WHAT YOU HAVE TO DO - What you give back should be exactly the lines from the one with "Bocce ball court and landscaped yard" through the end of the data, without the pictures.

Records from a data collection -
= = =
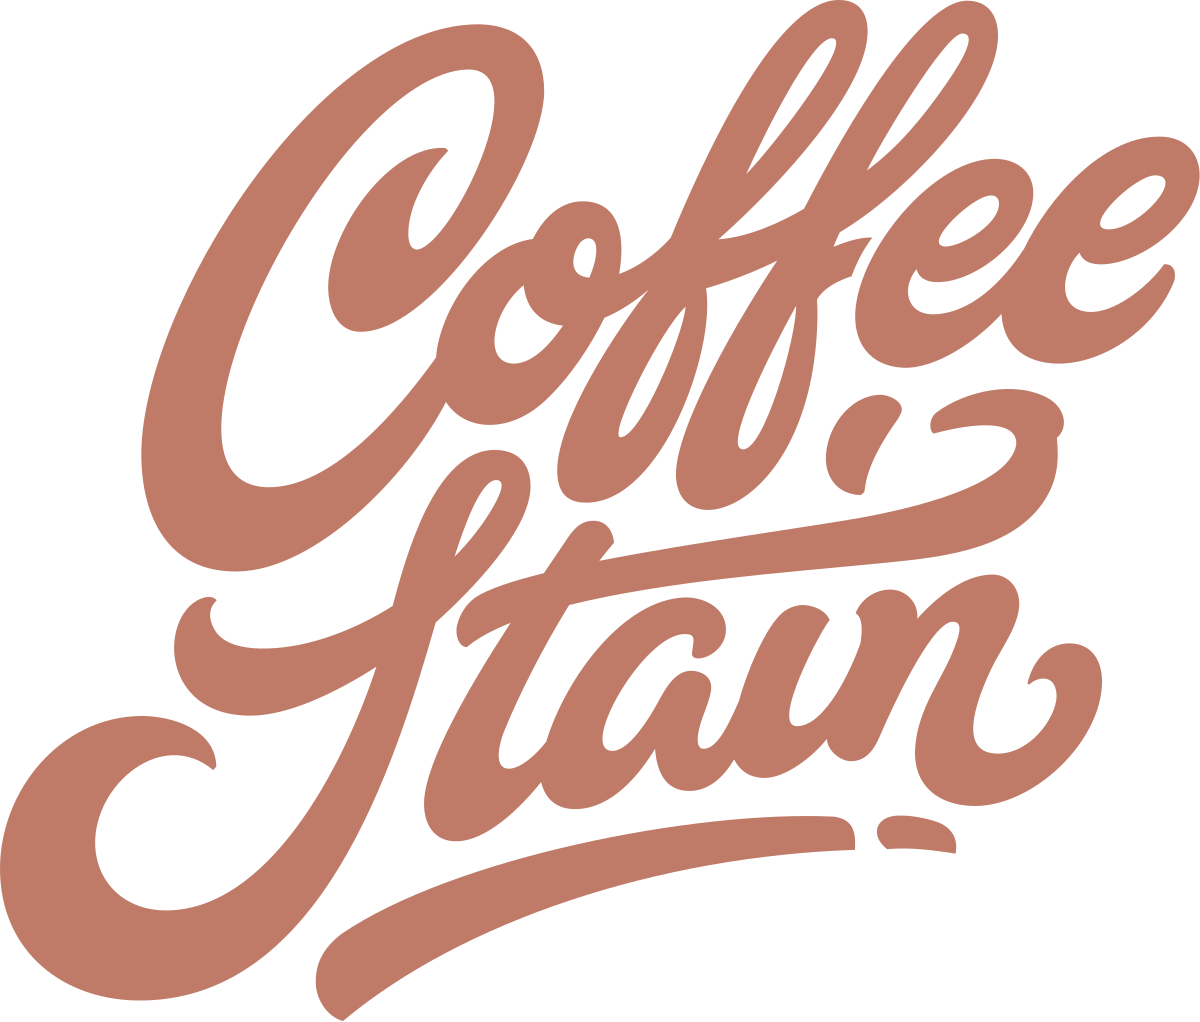 Coffee Stain Logo Design PNG image
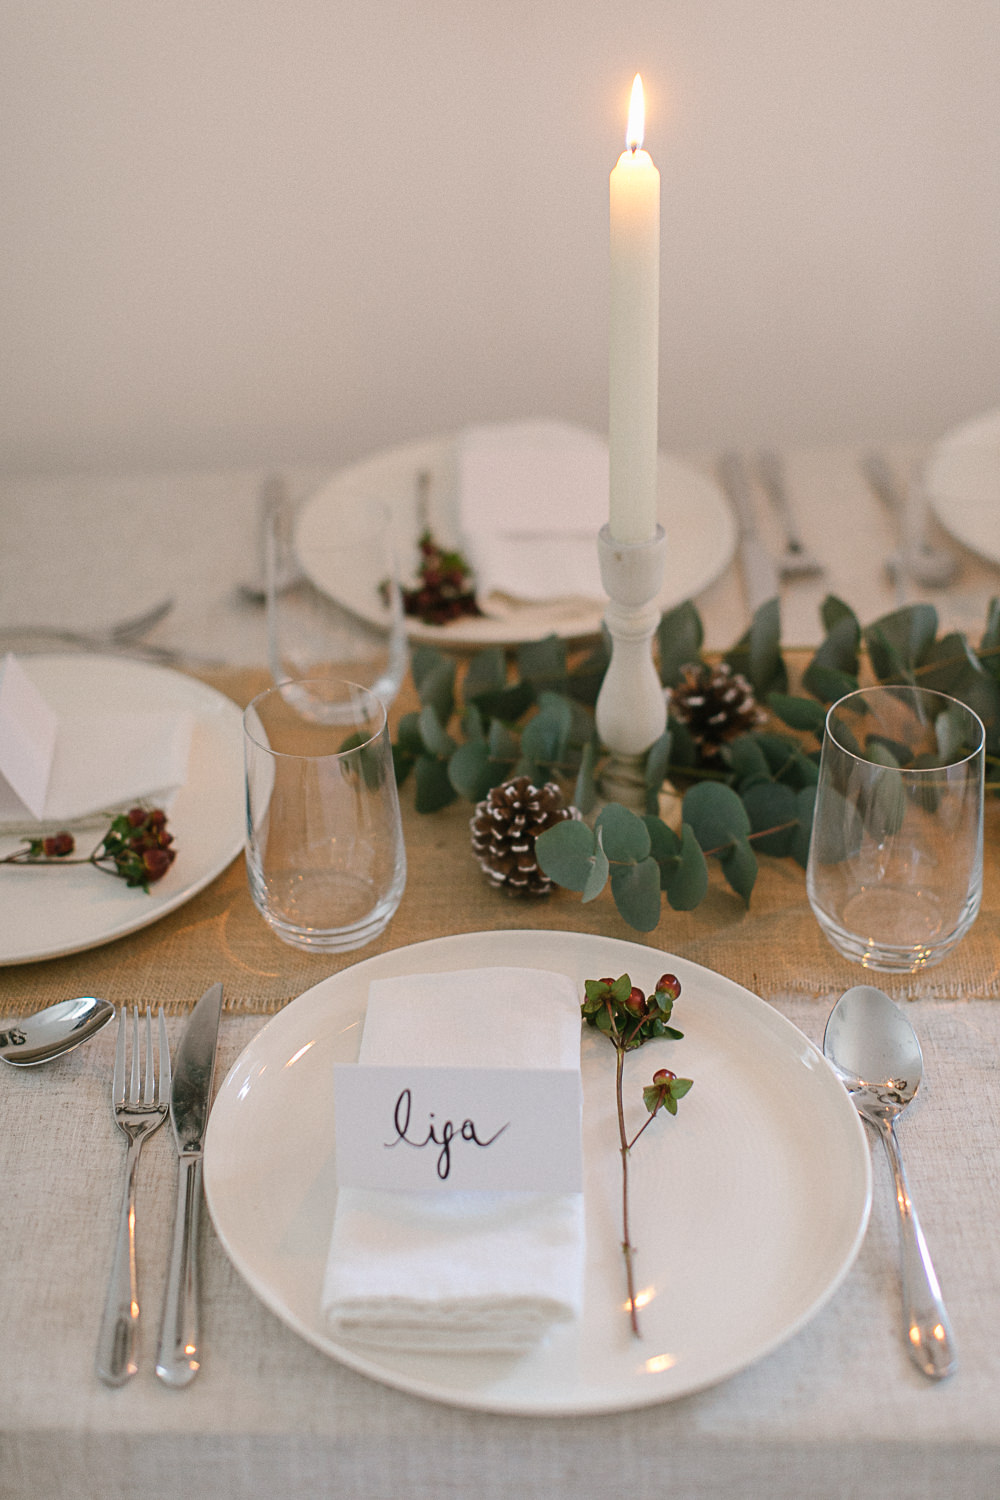 Christmas tablescape with red berries and eucalyptus
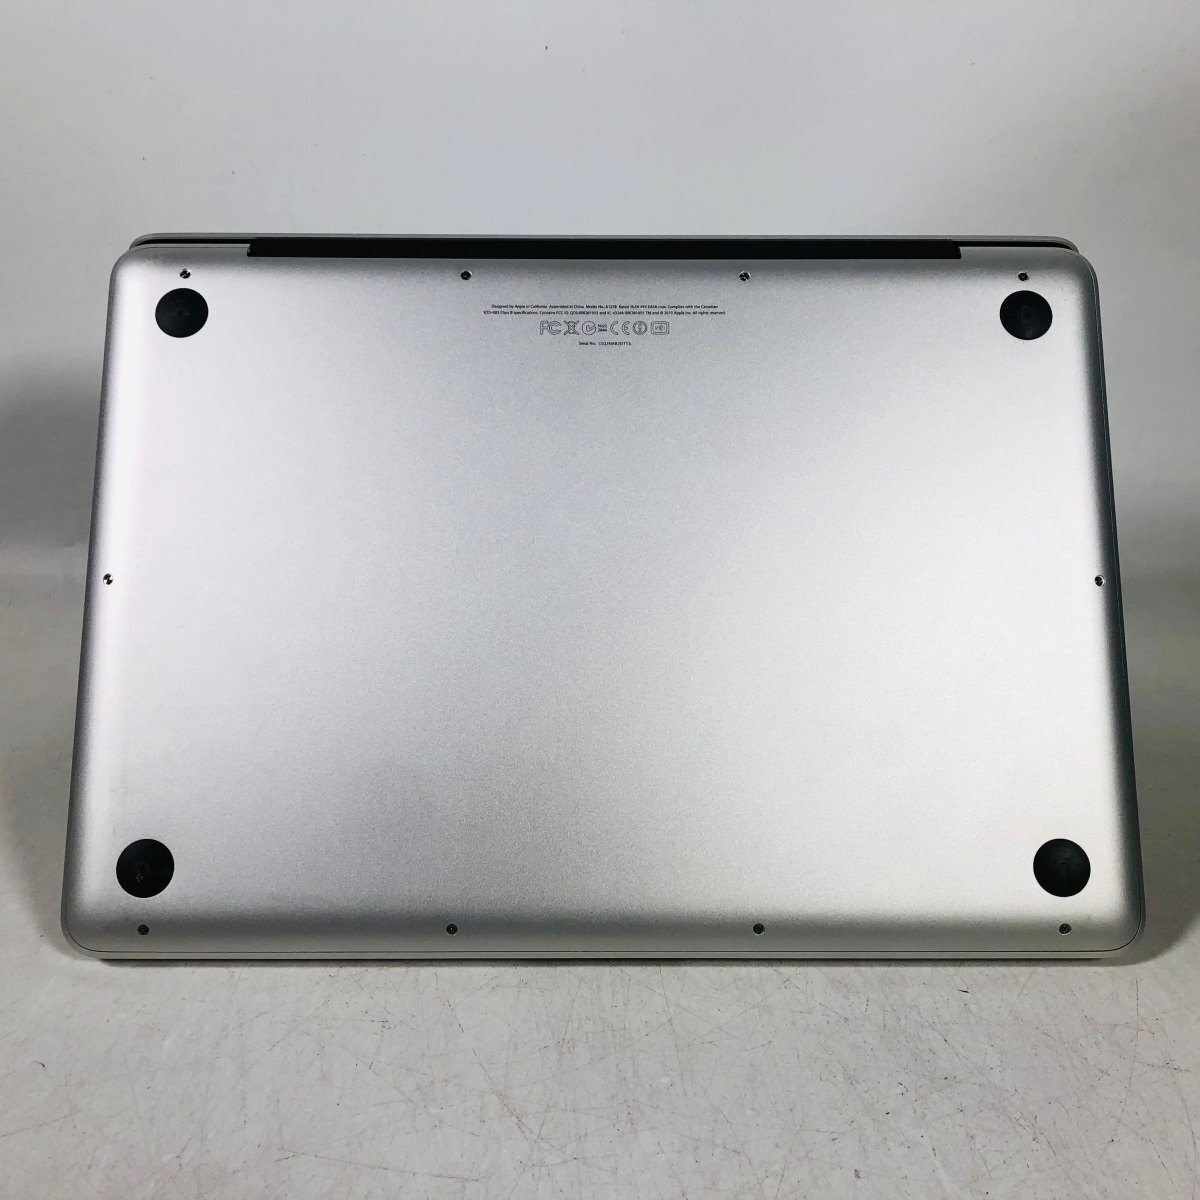  operation verification ending MacBook Pro 13 -inch (Mid 2012) Core i5 2.5GHz/4GB/500GB MD101J/A
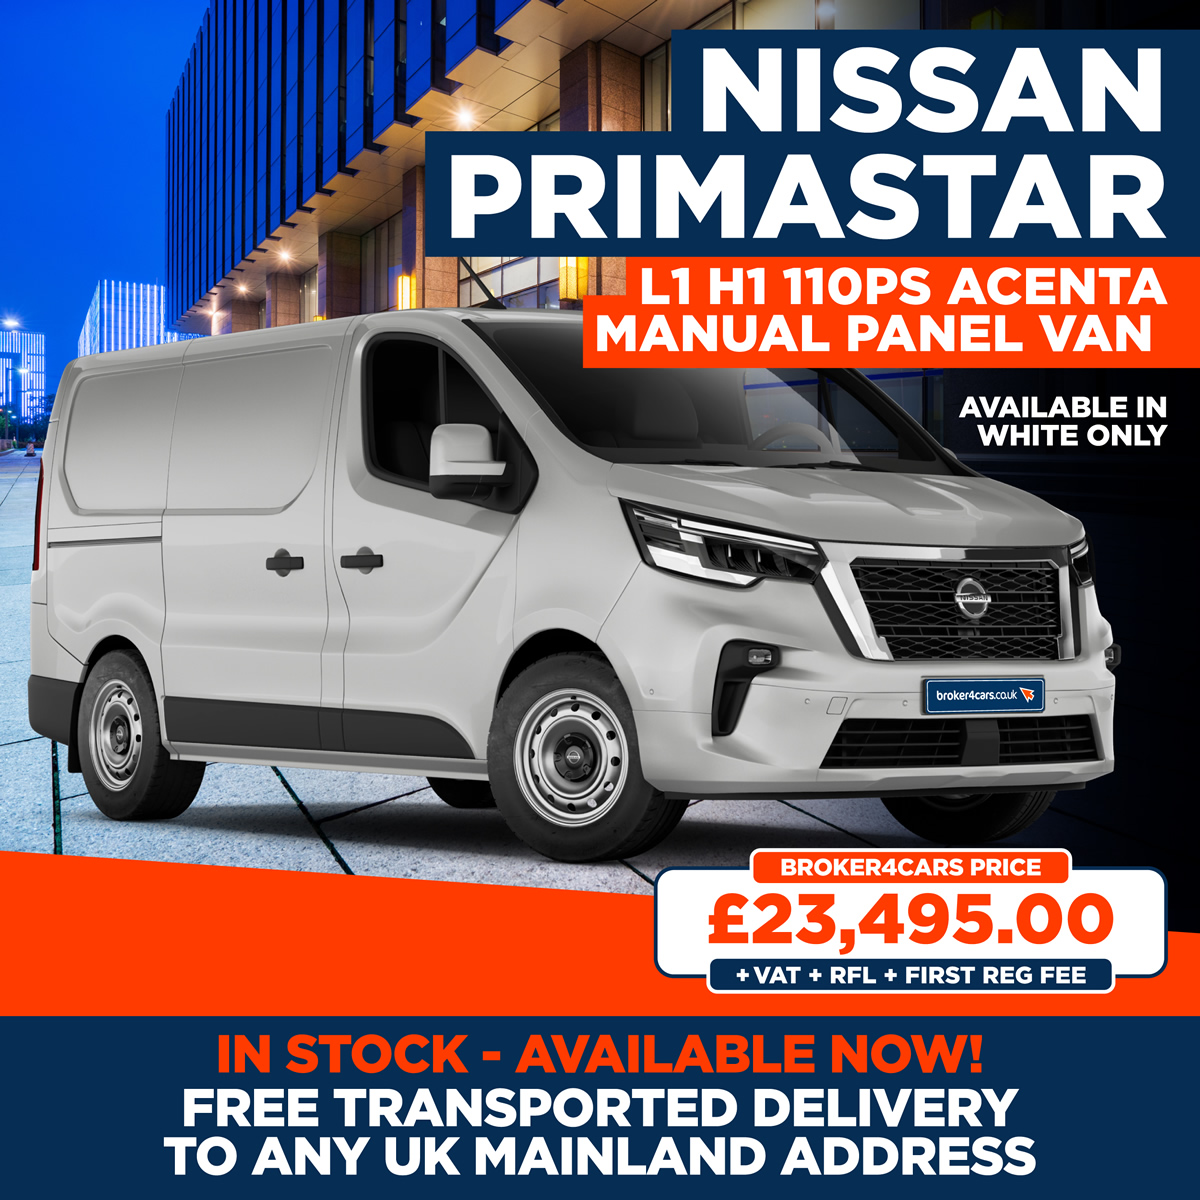 Nissan Primastar L1 H1 110PS Acenta Manual Panel Van. In stock - available now. Free transported delivery to any uk mainland address. Available in white only. Broker4Cars Price £23,495 OTR
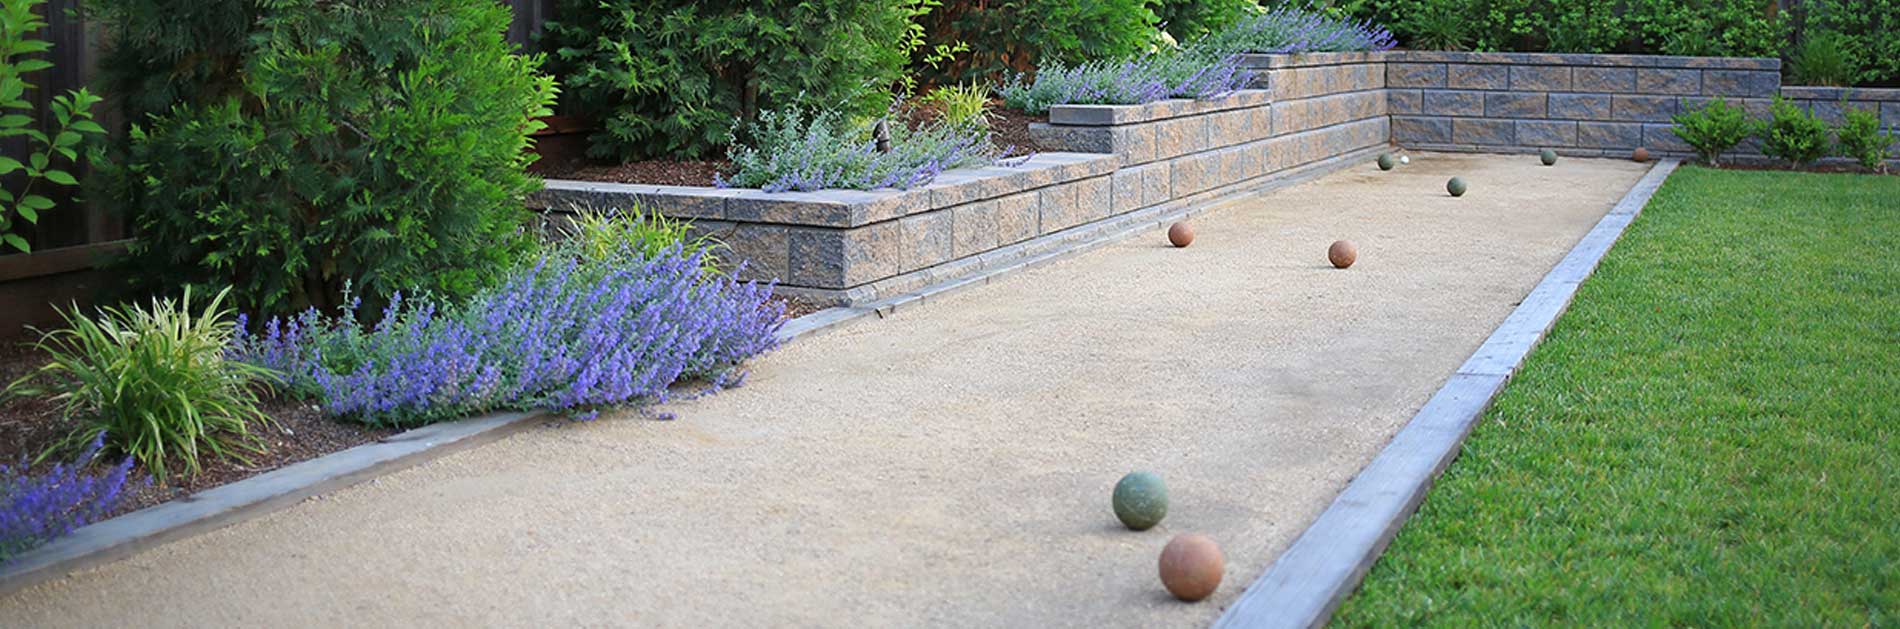 Bocce ball court and landscaped yard
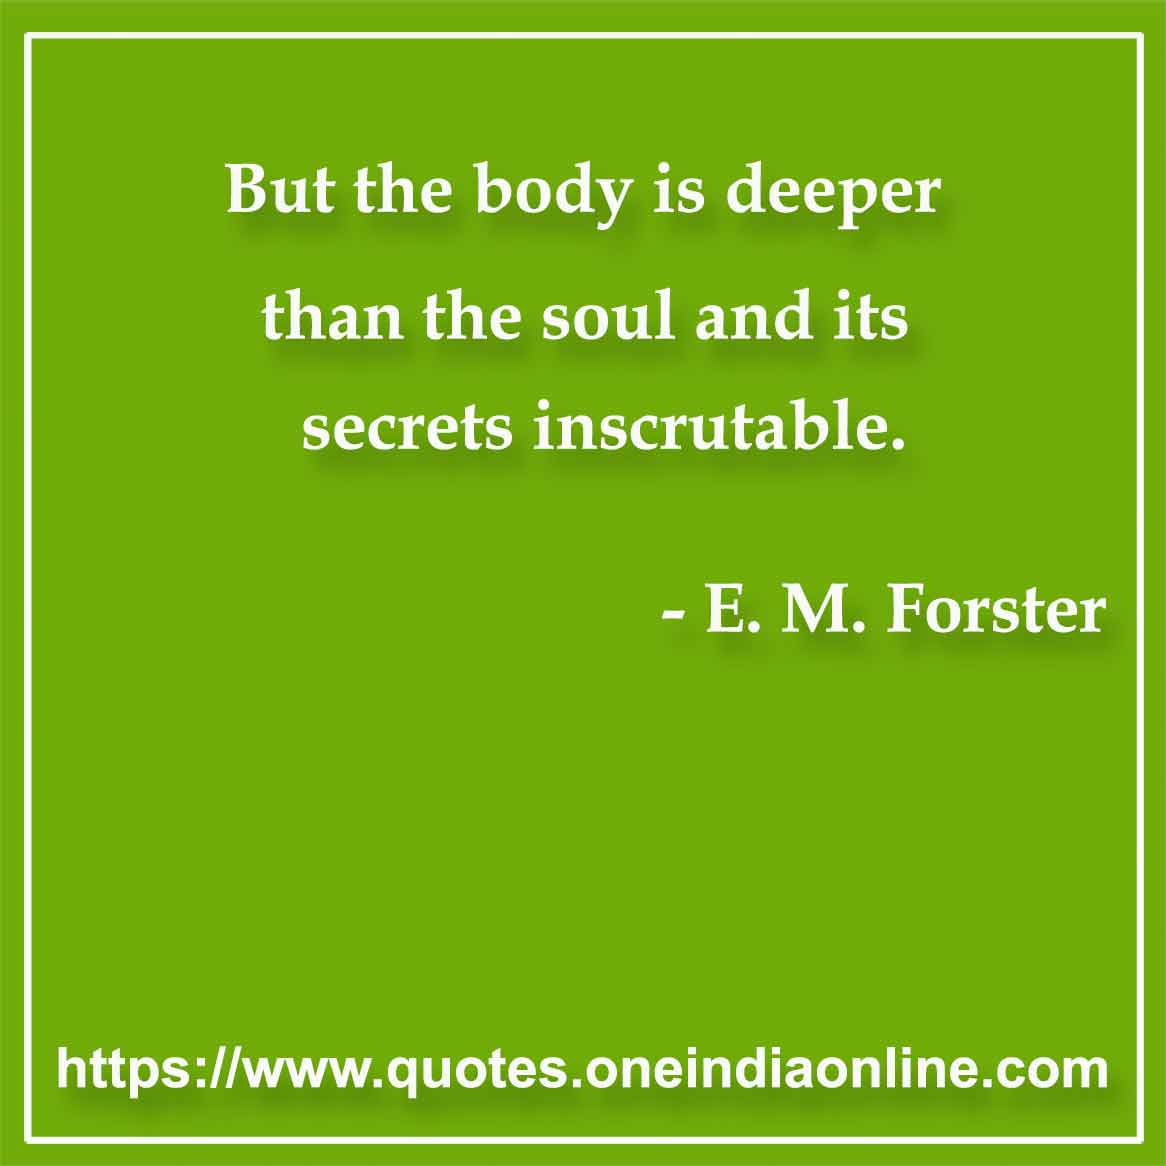 But the body is deeper than the soul and its secrets inscrutable.

- Body Quote by E. M. Forster
= = =
SOLUTION -
 Bocce ball court and landscaped yard
 But the body is deeper than the soul and its secrets inscrutable.

- Body Quote by E. M. Forster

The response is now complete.